» **ABOUT THIS TASK**: Reproduce each record exactly, leaving out no line.

Saved entries
- - -
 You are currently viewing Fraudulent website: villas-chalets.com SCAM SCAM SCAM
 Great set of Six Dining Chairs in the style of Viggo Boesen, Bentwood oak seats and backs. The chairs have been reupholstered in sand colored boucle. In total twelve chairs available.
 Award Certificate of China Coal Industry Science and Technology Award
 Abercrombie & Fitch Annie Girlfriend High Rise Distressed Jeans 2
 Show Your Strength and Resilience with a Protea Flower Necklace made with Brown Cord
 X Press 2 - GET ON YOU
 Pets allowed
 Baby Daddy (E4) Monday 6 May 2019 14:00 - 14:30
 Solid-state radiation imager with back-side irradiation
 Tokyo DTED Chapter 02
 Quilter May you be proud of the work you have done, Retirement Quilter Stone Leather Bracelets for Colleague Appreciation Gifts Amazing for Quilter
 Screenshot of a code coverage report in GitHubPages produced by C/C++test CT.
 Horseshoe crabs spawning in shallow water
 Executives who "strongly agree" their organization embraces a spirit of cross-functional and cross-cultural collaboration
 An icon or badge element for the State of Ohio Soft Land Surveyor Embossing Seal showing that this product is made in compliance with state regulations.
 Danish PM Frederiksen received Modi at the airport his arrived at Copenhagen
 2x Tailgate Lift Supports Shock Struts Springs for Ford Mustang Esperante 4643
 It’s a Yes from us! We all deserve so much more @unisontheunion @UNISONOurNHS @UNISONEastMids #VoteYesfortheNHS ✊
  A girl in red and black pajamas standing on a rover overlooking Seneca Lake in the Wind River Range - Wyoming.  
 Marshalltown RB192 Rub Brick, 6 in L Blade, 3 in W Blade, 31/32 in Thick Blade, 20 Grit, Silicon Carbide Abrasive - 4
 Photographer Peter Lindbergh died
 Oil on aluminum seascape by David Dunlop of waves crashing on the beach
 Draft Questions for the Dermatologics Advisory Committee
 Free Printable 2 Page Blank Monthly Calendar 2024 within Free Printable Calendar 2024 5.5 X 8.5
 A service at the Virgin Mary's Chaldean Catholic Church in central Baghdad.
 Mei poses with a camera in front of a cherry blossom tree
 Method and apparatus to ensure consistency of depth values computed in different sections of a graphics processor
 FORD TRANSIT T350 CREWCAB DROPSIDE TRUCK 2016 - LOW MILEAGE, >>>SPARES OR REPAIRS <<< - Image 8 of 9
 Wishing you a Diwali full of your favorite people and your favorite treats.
- - -
» **RESULT OF THE TASK**:
 You are currently viewing Fraudulent website: villas-chalets.com SCAM SCAM SCAM
 Great set of Six Dining Chairs in the style of Viggo Boesen, Bentwood oak seats and backs. The chairs have been reupholstered in sand colored boucle. In total twelve chairs available.
 Award Certificate of China Coal Industry Science and Technology Award
 Abercrombie & Fitch Annie Girlfriend High Rise Distressed Jeans 2
 Show Your Strength and Resilience with a Protea Flower Necklace made with Brown Cord
 X Press 2 - GET ON YOU
 Pets allowed
 Baby Daddy (E4) Monday 6 May 2019 14:00 - 14:30
 Solid-state radiation imager with back-side irradiation
 Tokyo DTED Chapter 02
 Quilter May you be proud of the work you have done, Retirement Quilter Stone Leather Bracelets for Colleague Appreciation Gifts Amazing for Quilter
 Screenshot of a code coverage report in GitHubPages produced by C/C++test CT.
 Horseshoe crabs spawning in shallow water
 Executives who "strongly agree" their organization embraces a spirit of cross-functional and cross-cultural collaboration
 An icon or badge element for the State of Ohio Soft Land Surveyor Embossing Seal showing that this product is made in compliance with state regulations.
 Danish PM Frederiksen received Modi at the airport his arrived at Copenhagen
 2x Tailgate Lift Supports Shock Struts Springs for Ford Mustang Esperante 4643
 It’s a Yes from us! We all deserve so much more @unisontheunion @UNISONOurNHS @UNISONEastMids #VoteYesfortheNHS ✊
  A girl in red and black pajamas standing on a rover overlooking Seneca Lake in the Wind River Range - Wyoming.  
 Marshalltown RB192 Rub Brick, 6 in L Blade, 3 in W Blade, 31/32 in Thick Blade, 20 Grit, Silicon Carbide Abrasive - 4
 Photographer Peter Lindbergh died
 Oil on aluminum seascape by David Dunlop of waves crashing on the beach
 Draft Questions for the Dermatologics Advisory Committee
 Free Printable 2 Page Blank Monthly Calendar 2024 within Free Printable Calendar 2024 5.5 X 8.5
 A service at the Virgin Mary's Chaldean Catholic Church in central Baghdad.
 Mei poses with a camera in front of a cherry blossom tree
 Method and apparatus to ensure consistency of depth values computed in different sections of a graphics processor
 FORD TRANSIT T350 CREWCAB DROPSIDE TRUCK 2016 - LOW MILEAGE, >>>SPARES OR REPAIRS <<< - Image 8 of 9
 Wishing you a Diwali full of your favorite people and your favorite treats.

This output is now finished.